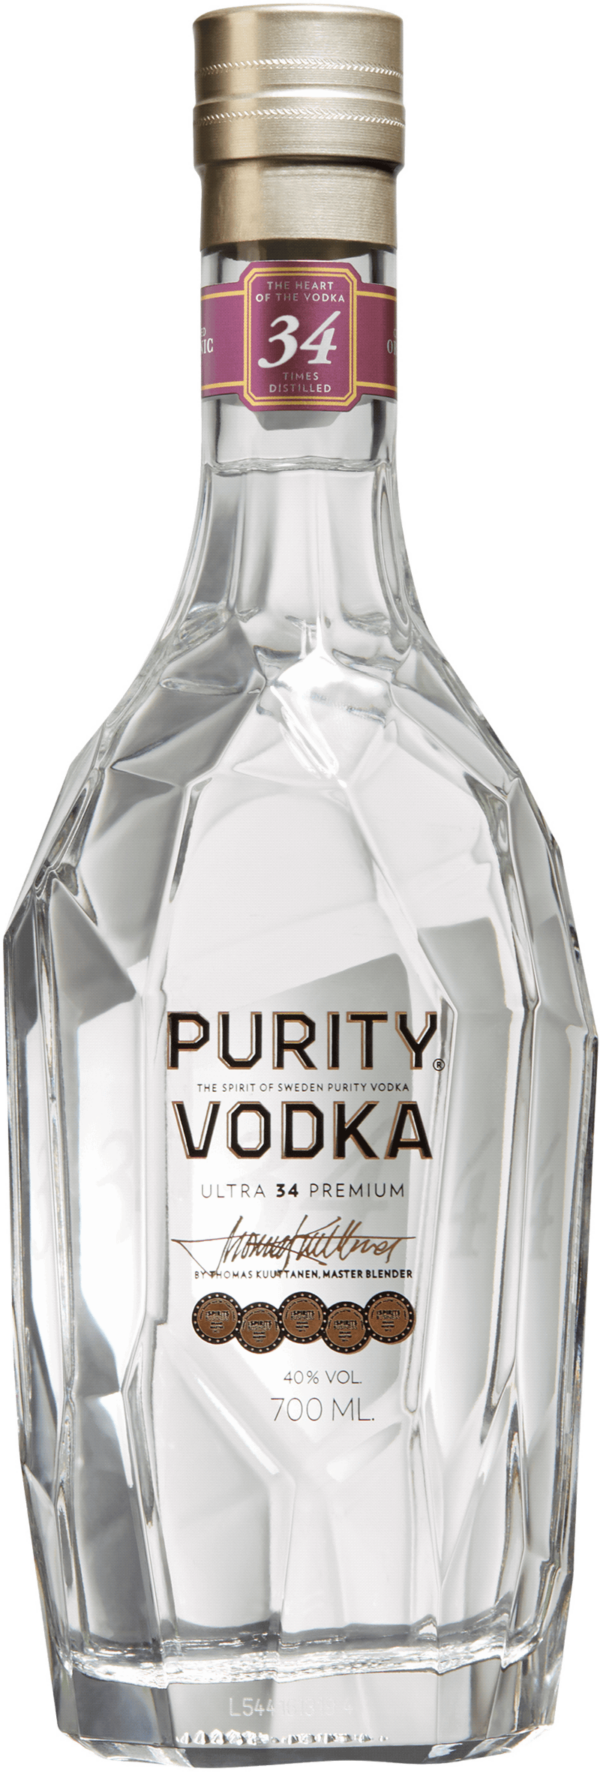 Purity Vodka Ultra 34 Premium. En Vodka och Brännvin av typen Vodka i en 700 Flaska från Skåne län
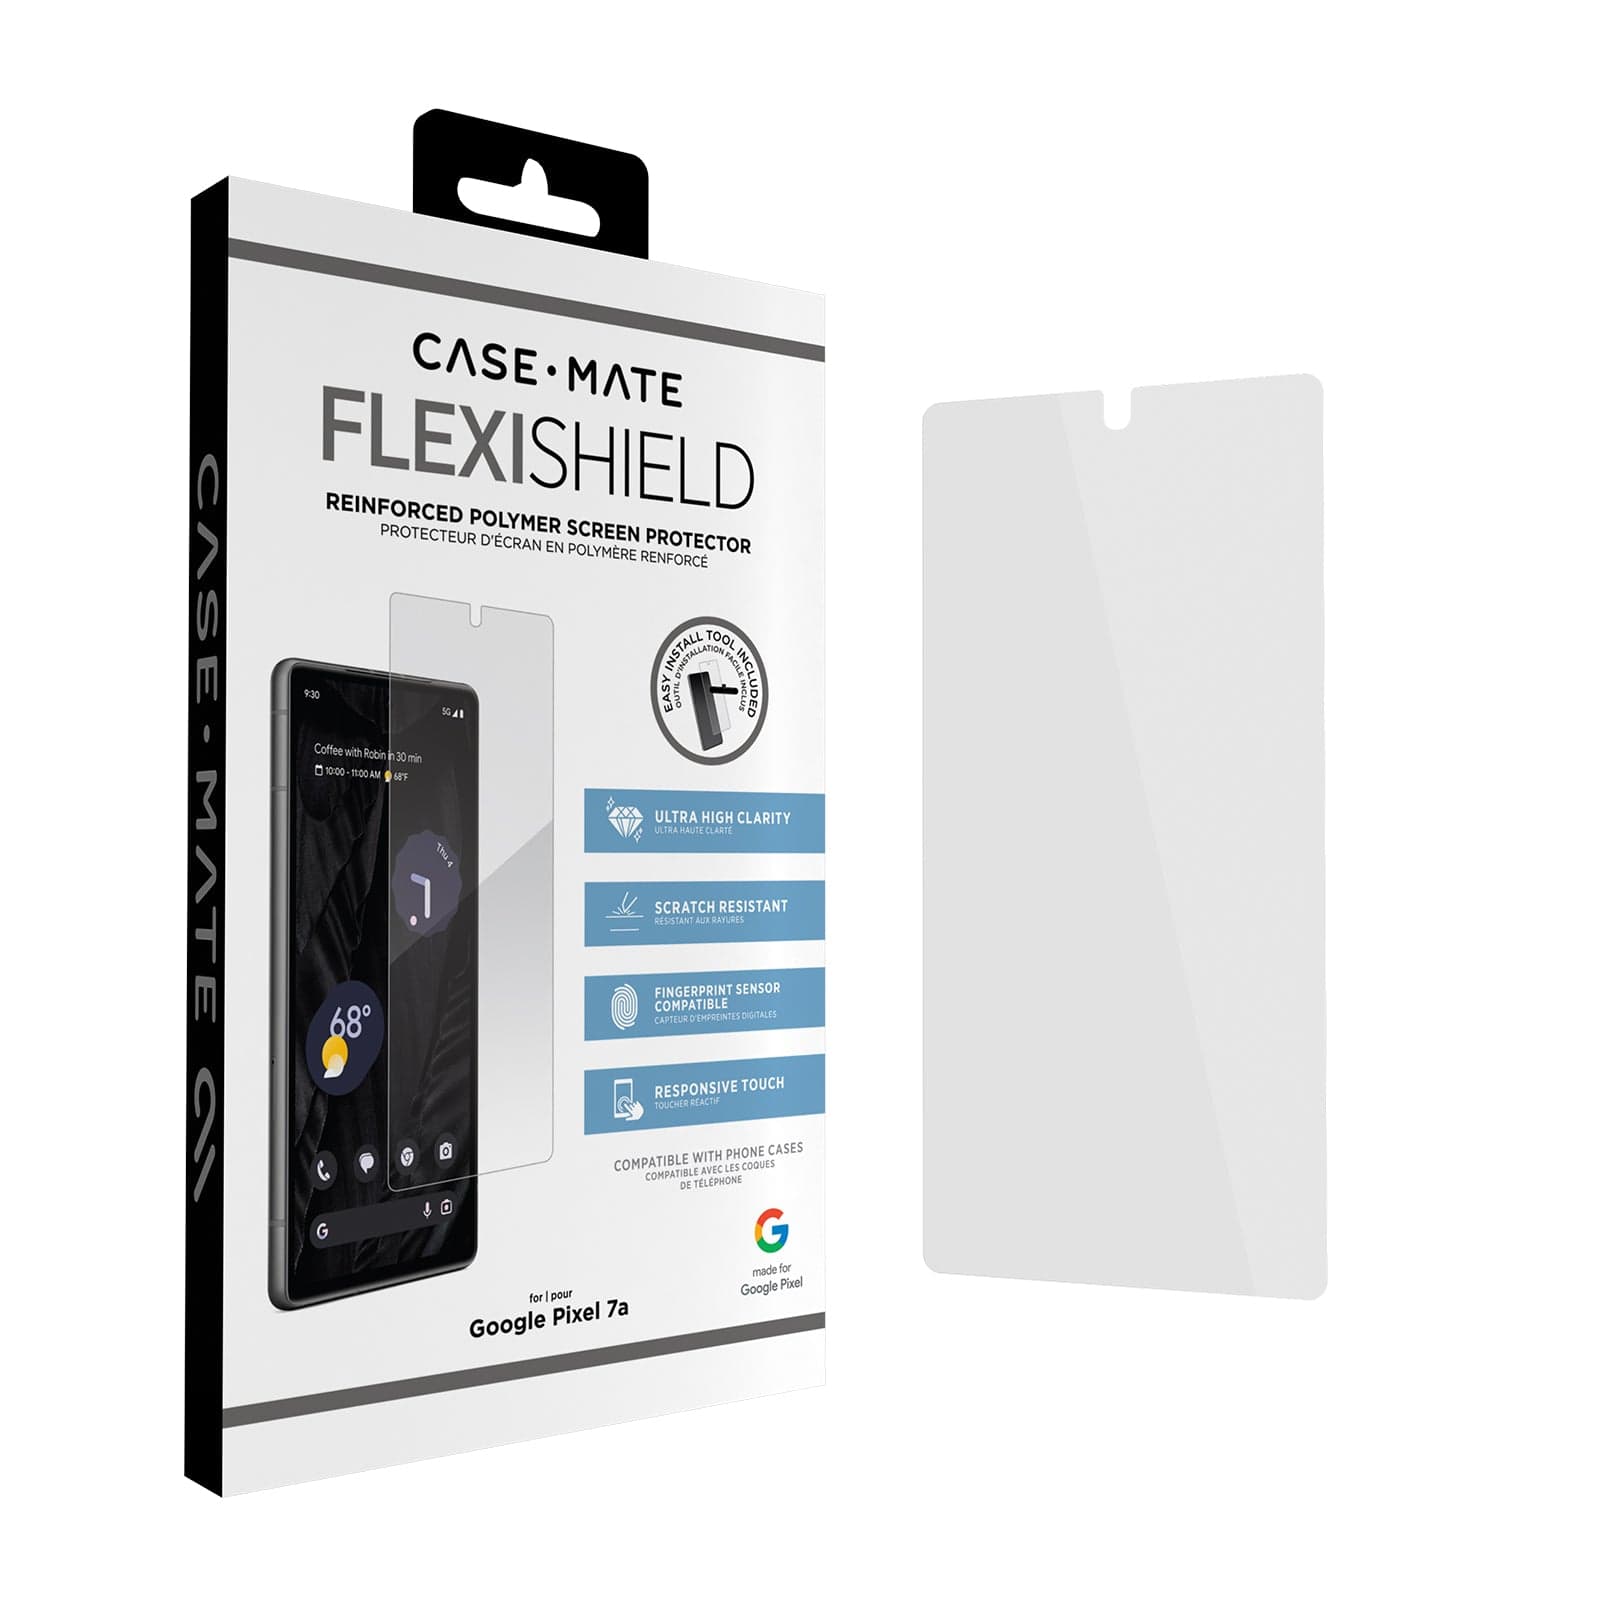 Case-Mate Google Pixel 7a FlexiShield Screen Protector
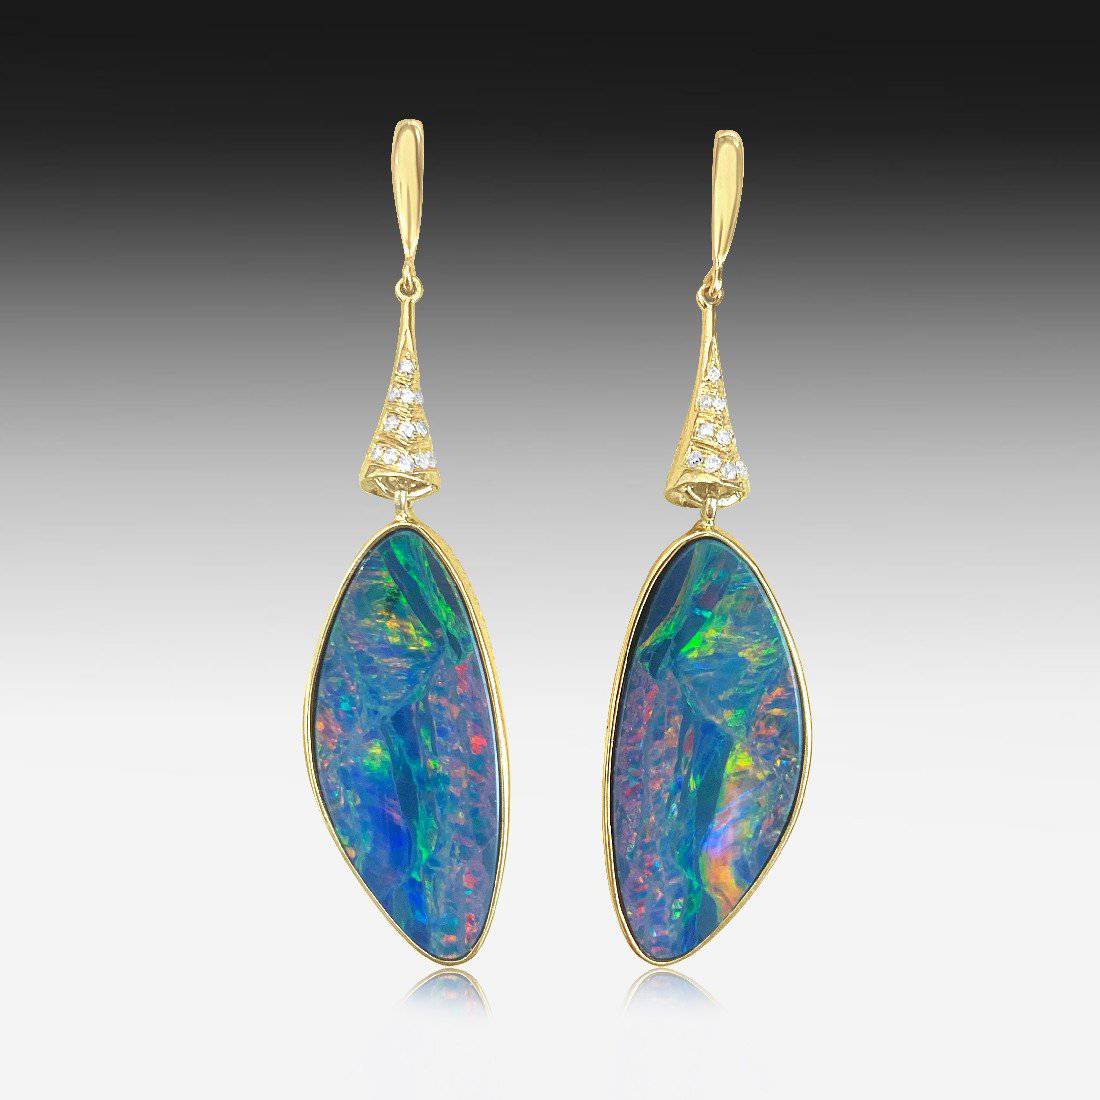 18kt Rose Gold Opal and Diamond earrings - Masterpiece Jewellery Opal & Gems Sydney Australia | Online Shop
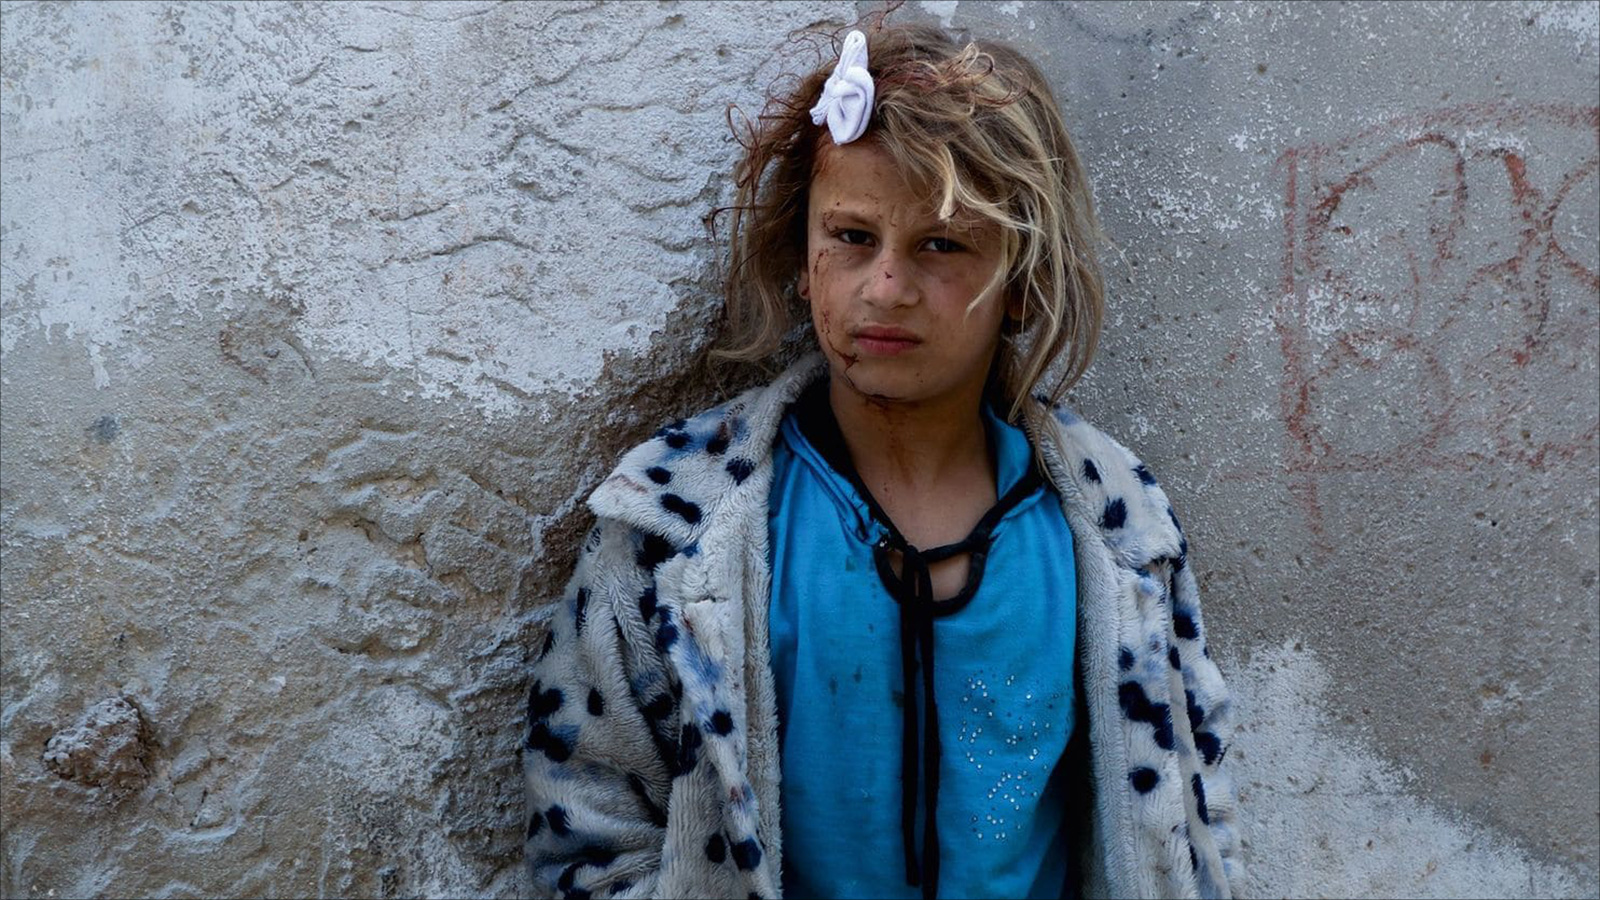 فتاة جريحة تحتمي بحائط قرب موقع في مدينة حلب طاله قصف القوات الحكومية بالبراميل المتفجرة(الصحافة الأميركية)
________________________________________
§ WHAT YOU WILL DO
Return the listing above unchanged, apart from dropping its pictures.

§ RESPONSE BELOW
 Purity Vodka Ultra 34 Premium. En Vodka och Brännvin av typen Vodka i en 700 Flaska från Skåne län
 Case-Mate Google Pixel 7a FlexiShield Screen Protector
 18kt Rose Gold Opal and Diamond earrings - Masterpiece Jewellery Opal & Gems Sydney Australia | Online Shop
 فتاة جريحة تحتمي بحائط قرب موقع في مدينة حلب طاله قصف القوات الحكومية بالبراميل المتفجرة(الصحافة الأميركية)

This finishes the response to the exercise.